Flat Rate Considered Harmful: How to ignite innovation on the mobile web - raganwald
http://www.tbray.org/ongoing/When/200x/2007/09/23/Flat-Rate-Considered-Harmful

======
jamescoops
If the mobile operators could charge 50% of mobile users $15 a month extra for
a flat rate data plan it would dwarf any revenues they could get from trying
to run services themselves (ringtones, video etc is peanuts for most
operators). Plus, they can get incremental revenues through providing enablers
like billing, CRM data, location feeds to third party service providers.

------
alaskamiller
I can see his point, there's no incentive for mobile operators to improve when
they offer all you can eat service for a singular price.

That said, I think it's wrong. Prior to the broadband revolution, people on
dial-up were extremely stingy with their attention span and time. Back in the
day I had to save up and count down the number of minutes SimCityDemo.zip
would download off AOL so that I can time it correctly.

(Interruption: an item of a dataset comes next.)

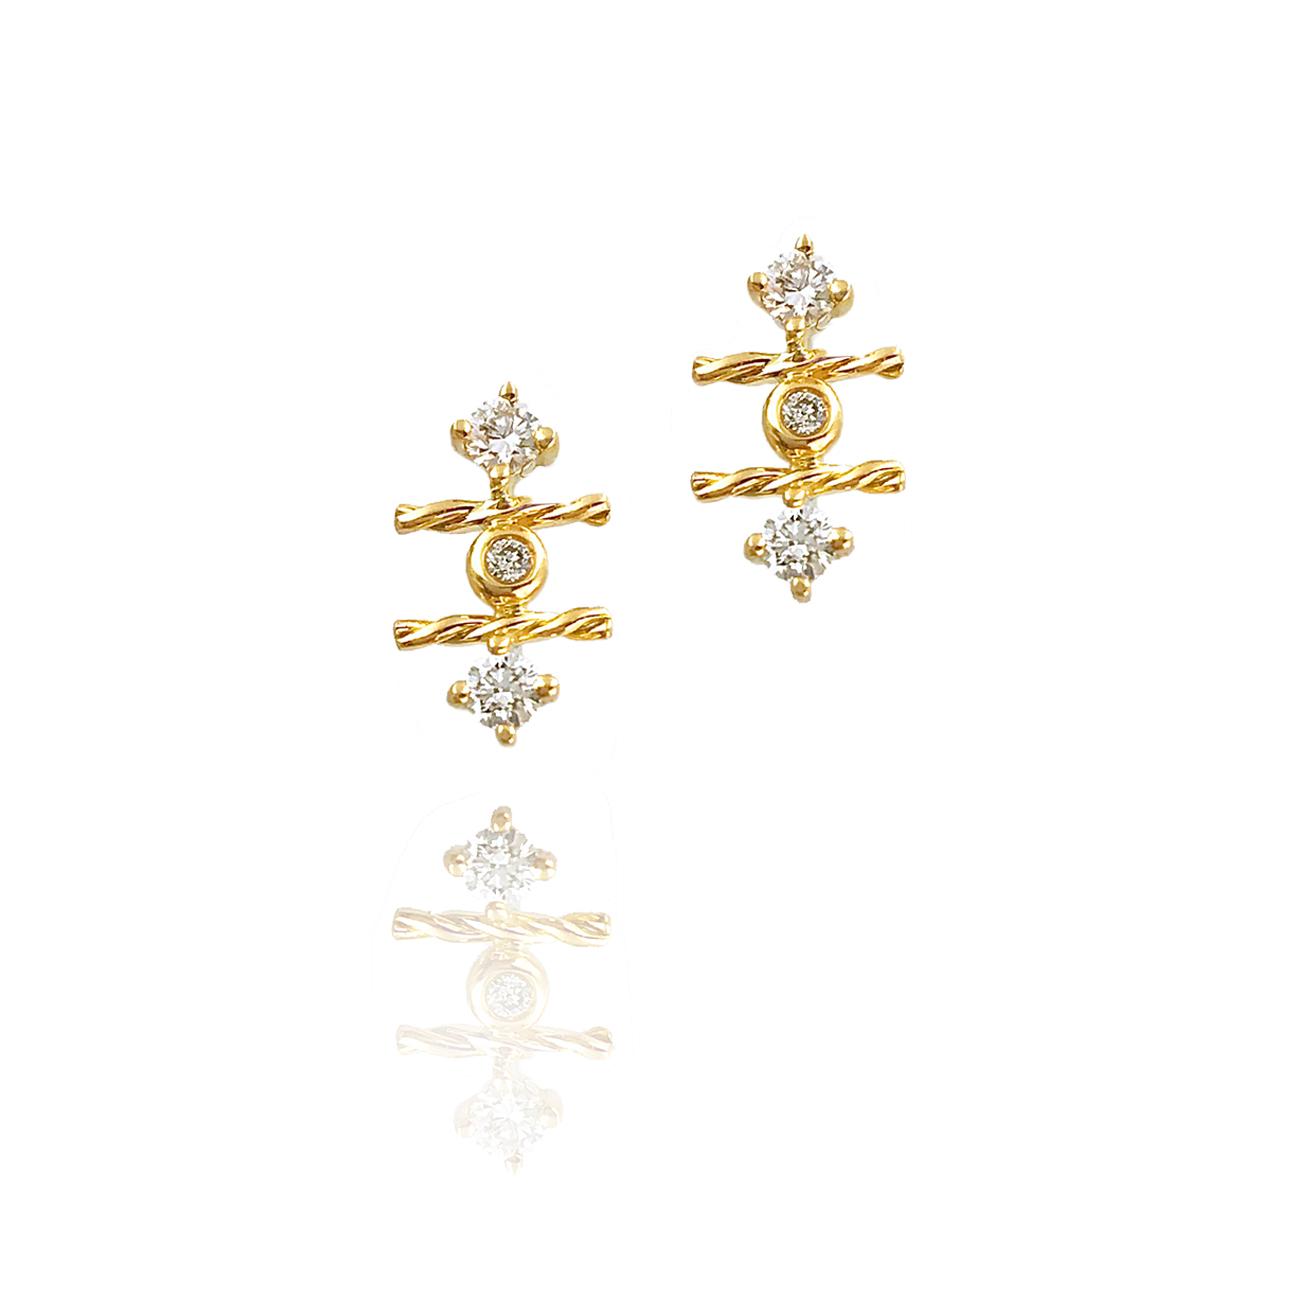 18k-gold-diamond-mix-setting-signature-twist-Stud-Earrings-jewelyrie-HAP-E-03

But the surge in popularity for this fueled the subsequent revolution. More
people saw value in being online and to compete, the service providers gave
away more hours. Then more free days. Then more free months. Then faster
speed. And now ubiquity.

And the consumer interest has only surged. Now people are free to experiment,
free to tinker, because of the abundance and availability of access. I may not
use any of the stuff shown at TechCrunch40 but I'll at least give it a shot.
What do I have to lose? I pay $14.99 for unlimited DSL and $19.99 for
unlimited EVDO.

Similarly, what's going to cause the mobile revolution to explode in America
is more than skin deep. It's not just the pricing, it all has to do with
technology and government regulations. Japan's mobile revolution happened
years ago, not because their operators competed on tiered services and billing
practices, but because they competed on technology and was relatively free of
government regulations.